Also, use coat conditioner every now and then.


----------



## PitPony (13 October 2011)

I have used a variety of rugs andthey are all different in style and fit. I like weatherbeetas on my tb mare...but do have other rugs that have to be used too...I use bossy bibs as after a few months in rugs pretty constantly over winter she will get rubbed no matter what. She has quite prominent deep shoulders.
It really depends on your horse shape to what rugs are best...I have tried many over 20+ years!! Also I have had some adjusted to accommodate my mare and had silk lining put in the shoulder/chest area to help as well, which it did but I still think bibs are better.


----------



## Splish & Masons mum (13 October 2011)

My horse has Fal rugs that fit brilliantly, however during the snow last year he was out in the field for about 6 days without being brought in (our lane was like an ice rink) and although I checked underneath the rug every day I didn't actually take it off, and for the first time ever this caused rubs on both shoulders.
I bought him a bossy bib after recommendations on here and it worked brilliantly.
I hope I wont have to use it this year, as before the snow, when I was taking the same rug off for a couple of hours a day when he was being ridden the problem didn't seem to occur, it was only when they were on for a while that it happened.


----------



## Piglet (13 October 2011)

I don't use anything anymore, I used to use Lycra bibs, found horse got really itchy so now every week, I wash the front of the rug including the chest straps area with warm water and a sponge.  Have felt the front of the rug before cleaning and it is so sticky and greasy, no wonder the rug rubs.


----------



## Boulty (13 October 2011)

My boy has a variety of rugs of different makes / shapes and weights and has manged to get bald patches rubbed by nearly all of them at some stage, I think that sweat /grease buildup seems to contribute to it with him as all but his emergency spare turnout rug are a good fit across his chest (he also seems to get rubbed less when clipped as opposed to when hairy... strange but true). I've found using a quilted bib (think it might be a weatherbeeta or rambo one, can't remember as had it several years now) and washing it every 3/4 weeks or when it seems greasy and horrible seems to work best.

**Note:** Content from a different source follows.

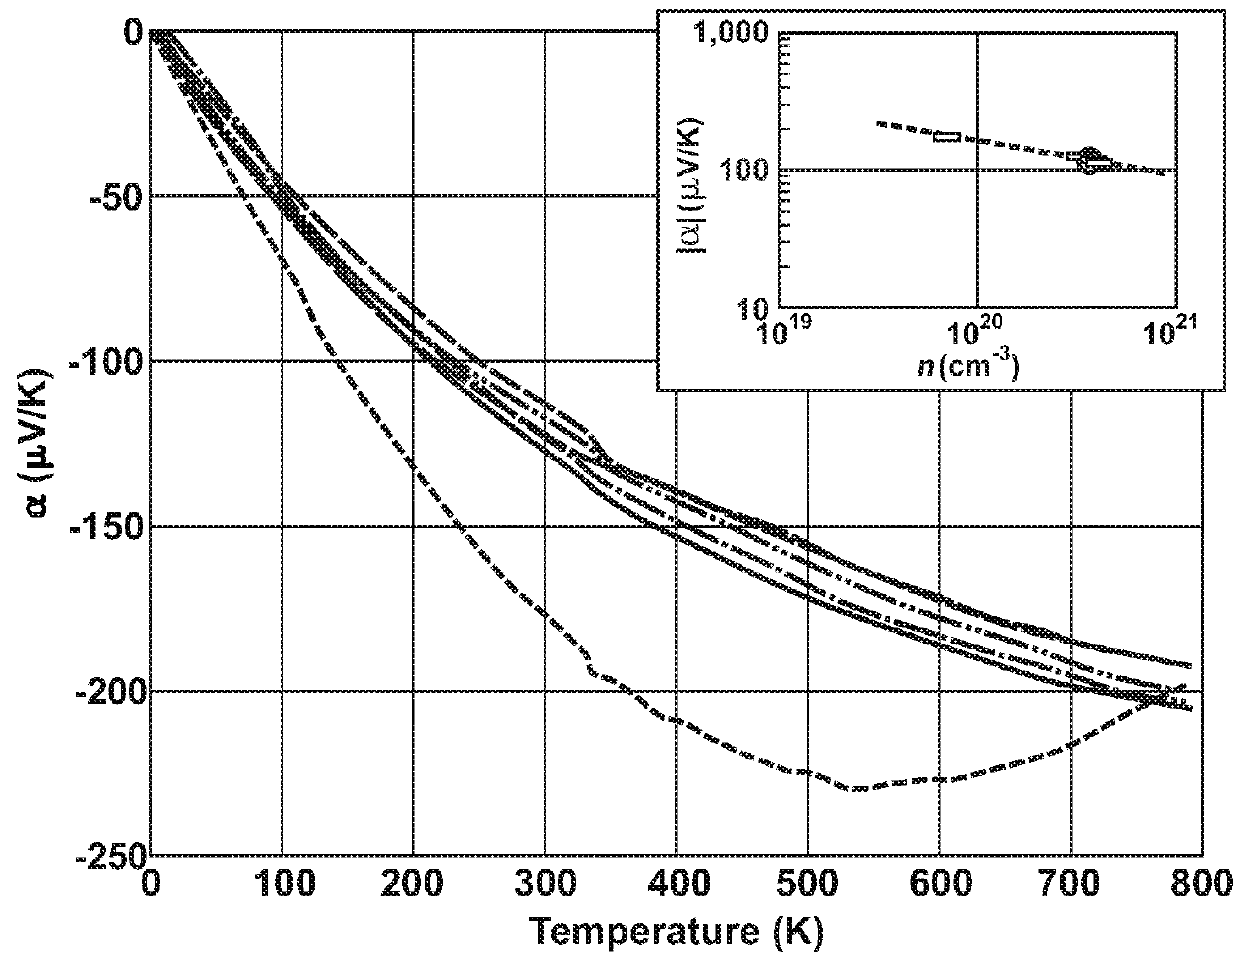 Thermoelectric performance of calcium and calcium-cerium filled n-type skutterudites

I've also got one of the silk style bibs as a spare for when other one's in wash but don't like this as much as it tend to slip round and I don't like threading the straps through the little loops as they never seem to line up properly. Think my boy's just a bit of a greasy horse in general; his reins get disgusting, yet to come across another horse whose reins get so covered in gunk as his (and this can be after 1 ride!)


----------